Bill Richardson: The threat presented by the Mexican Mafia to Arizona is real and will only continue to grow like it has for more than 30 years if serious measures aren’t taken by law enforcement and policymakers.
“Prison gangs like the Mexican Mafia, Aryan Brotherhood, and Black Guerrilla Family are violent organized crime syndicates that operate freely in our communities. Although small in numbers, their influence on hundreds of streets gangs and crime in Arizona is tremendous. They are the No. 1 crime threat to Arizona.” — United States Marshal for Arizona, David Gonzales
There was only a small story in the newspaper about deputy U.S. marshals and local police tracking down and arresting Eduardo Ochoa on March 10. The Associated Press story in the Tribune was 125 words. I couldn’t find a story about his arrest in Arizona’s largest newspaper.
Maricopa County Sheriff Joe Arpaio gets more press when dozens of his deputies arrest a couple of illegal aliens at a car wash.
Why should law-abiding citizens care about Ochoa?
Because according to federal authorities Ochoa, an ex-con, is reportedly a “documented Mexican Mafia gang member and an investigative lead in multiple homicides within the past month in the Phoenix metropolitan area.”
And according to law enforcement sources he’s part of a growing presence of the Mexican Mafia in Arizona.
The Arizona Department of Corrections Web site says the Mexican Mafia in Arizona was formed in the early 1970s.
What started out as a small gang of Mexican-American inmates who banded together for protection and to perpetrate criminal activity inside of prison is now a statewide organized crime syndicate that controls much of the crime inside of prisons, county jails and on the streets of Arizona.
For almost four decades the Mexican Mafia and other prison gangs have grown in Arizona. With the federal government’s emphasis on international terrorism and the state’s exaggerated focus on arresting illegal immigrants and other publicity-grabbing efforts, gangs have been able to grow to the point where law enforcement may never be able to put the gang crime genie back into the bottle.
In a February 2009 letter to the Tribune, the Arizona Department of Public Safety estimated 60 percent of serious crime in Arizona is committed by organized crime gangs.
The March 2009 National Drug Intelligence Center, Arizona High Intensity Drug Trafficking Area (HIDTA) Drug Market Analysis reported the Mexican Mafia in Arizona works with numerous gangs to transport tons of marijuana into Tucson and the Valley for distribution.
Police tell me the Mexican Mafia also controls heroin distribution.
A 2008 HIDTA report said the Mafia taxes gangs that distribute illicit drugs, and if a gang doesn’t pay the tax it owes, “violent retribution usually ensues.”
Last month, San Diego TV station KGTV reported in a series called I-Team Investigates Mexican Mafia’s Control Of Drug Trade that “the Mexican Mafia extracts a 10 percent tax from anyone doing drug business in San Diego and Orange County.”
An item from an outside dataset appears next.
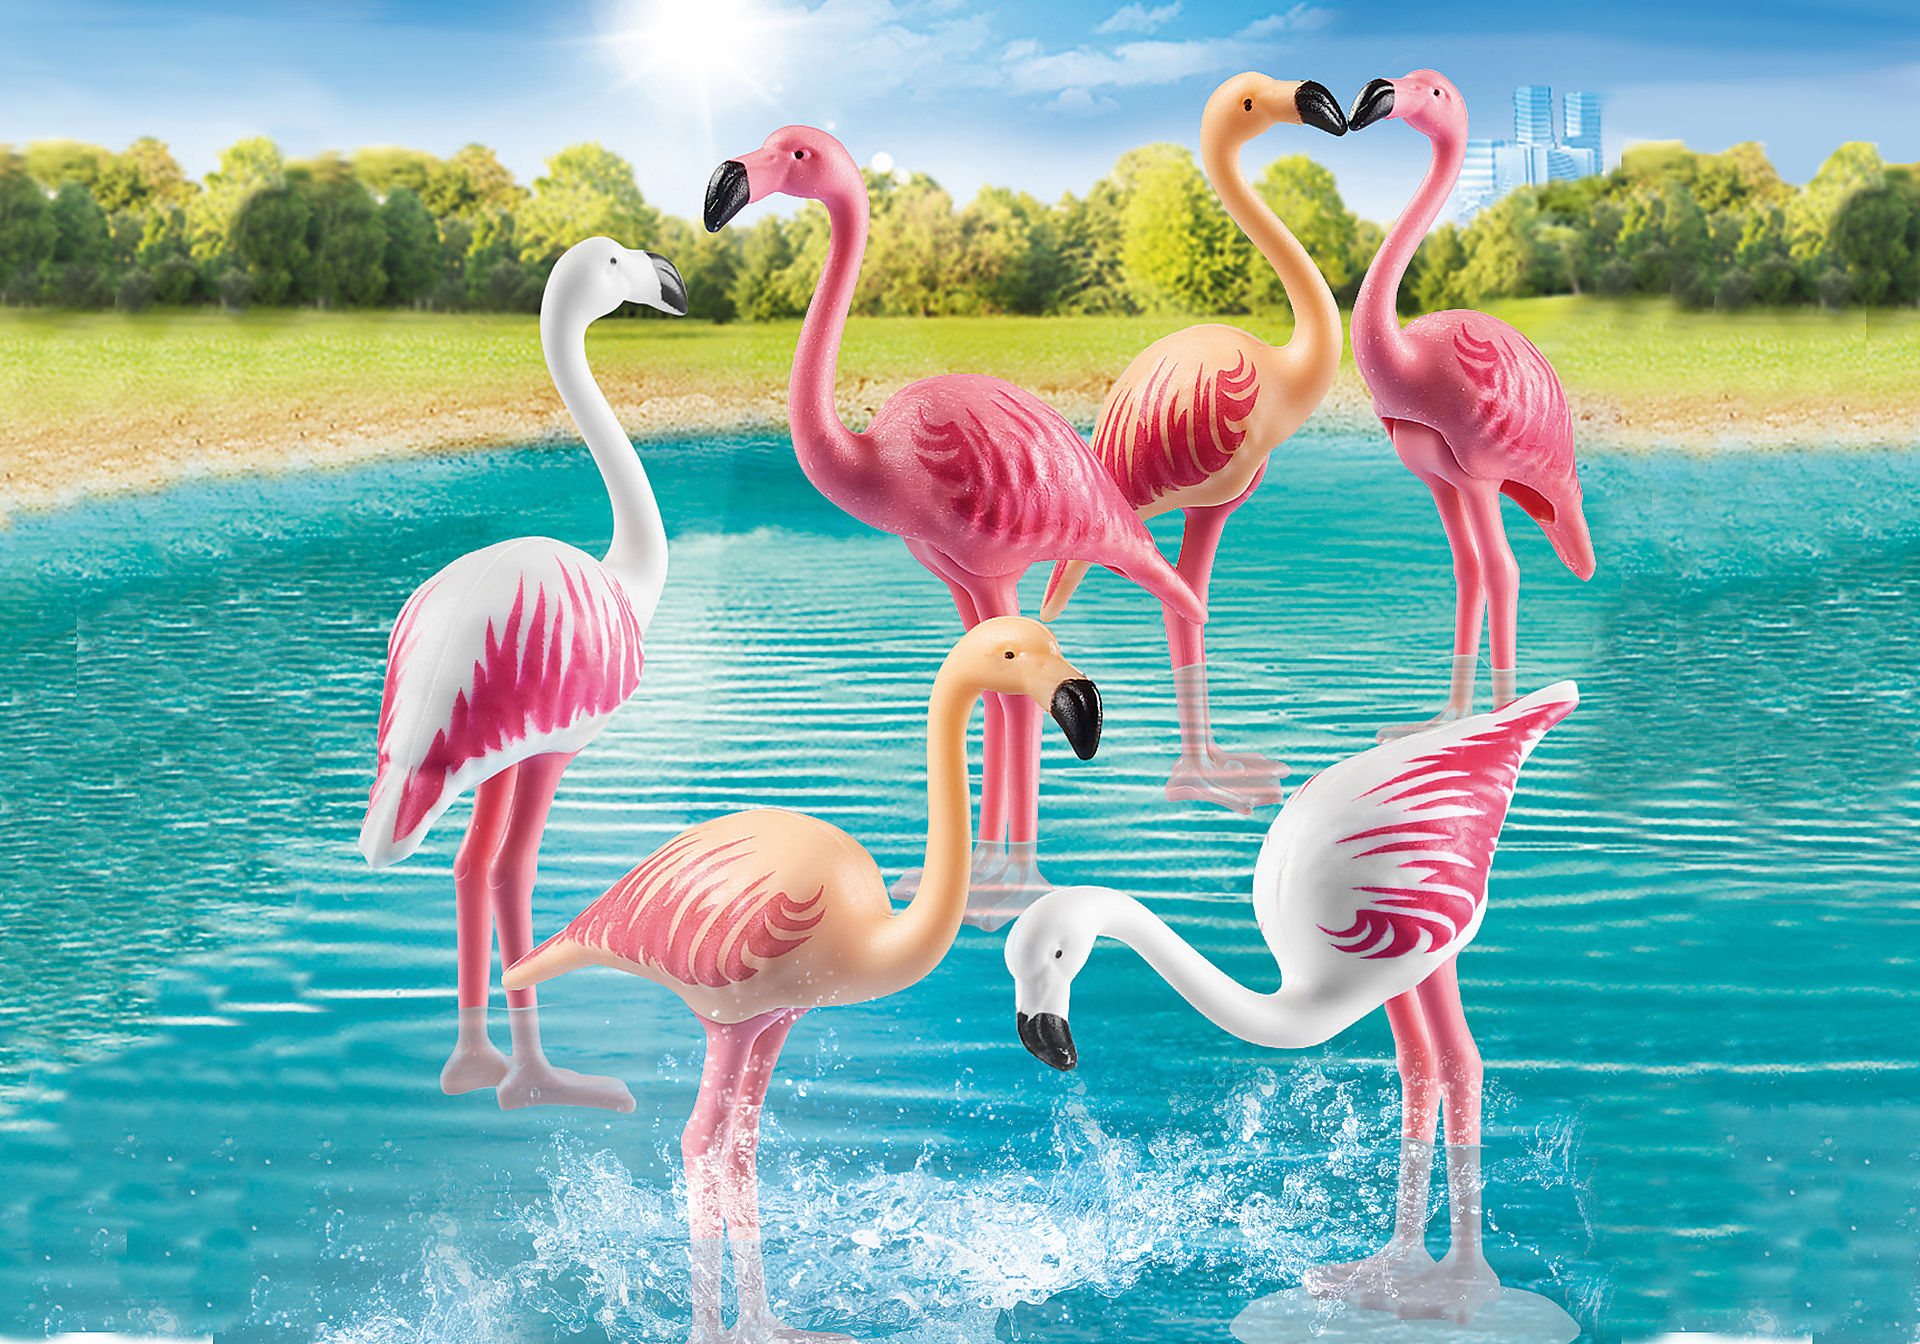 70351 Flamingoschwarm zoom image1
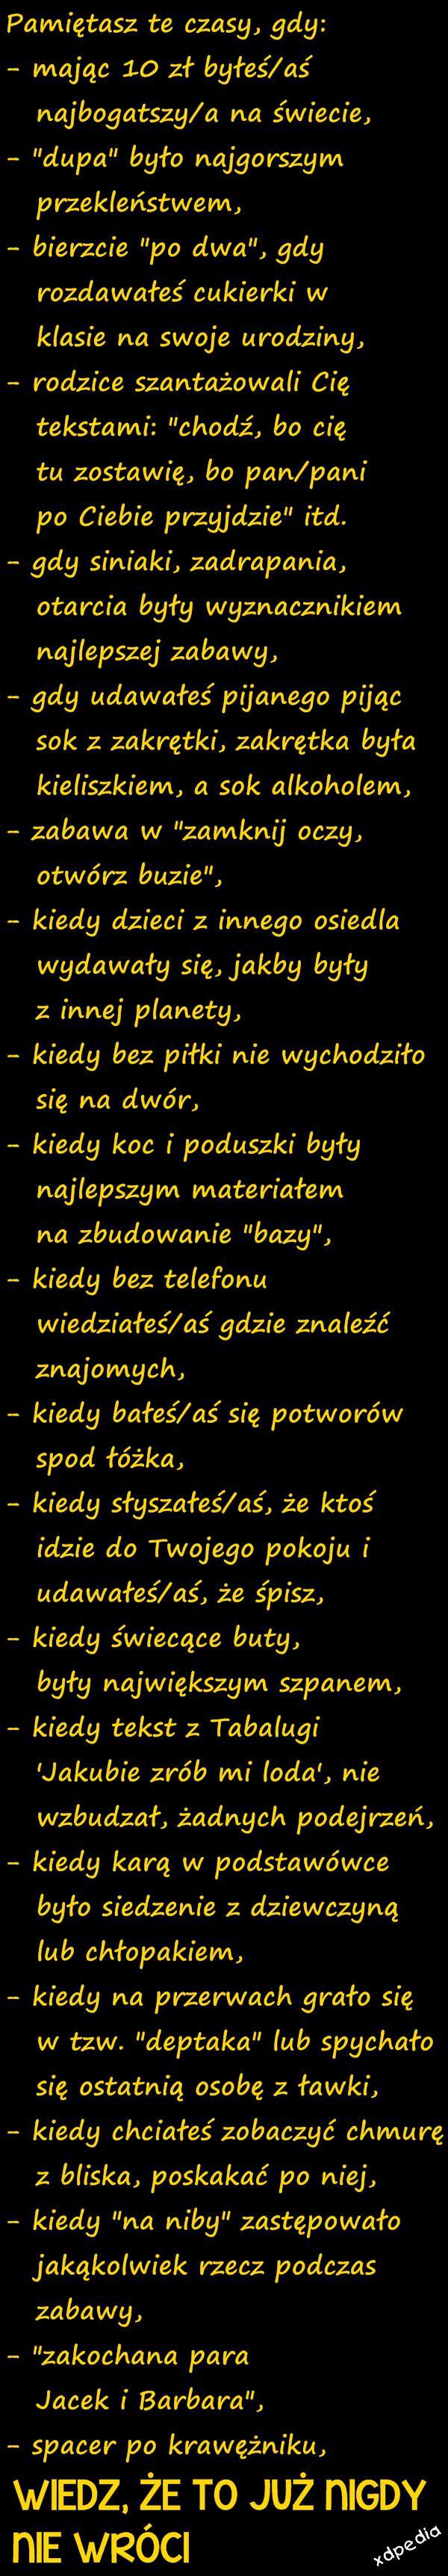 Rozstania Sentencje Mem Memy Cytaty Brak Xdpedia 68610

One can only wonder if the Mexican Mafia will begin taxing legitimate businesses for protection in the same entrepreneurial model used by organized crime groups throughout the world?
The Mexican Mafia has grown into a criminal enterprise that is really good at what it does, committing crime, making money and gaining power.
The U.S. Department of Justice has documented the links between the Mexican drug cartels and the Mexican Mafia. San Diego’s KGTV reported the “cartels come over here, they have to deal with the Mexican Mafia.”
Unfortunately the Mexican Mafia hasn’t been given the attention and adversarial respect it deserves and has earned when it comes to committing crime.
It’s no wonder it has grown from a handful of inmates at the Florence prison into a crime syndicate with ties to international drug cartels. Prison walls haven’t protected Arizona from the Mexican Mafia.
Even though the U.S. Marshals, FBI Violent Crime Task Force, Phoenix and Chandler police departments and Arizona Attorney General’s Office have done an outstanding job targeting Mexican Mafia members, there still exists no statewide strategy to coordinate all city, county, state and federal efforts against organized crime gangs in Arizona.
The threat presented by the Mexican Mafia to Arizona is real and will only continue to grow like it has for more than 30 years if serious measures aren’t taken by law enforcement and policymakers. If Arizona is serious about its future it needs to get serious about the Mexican Mafia.
Unfortunately Eduardo Ochoa is just the tip of the Mafia iceberg.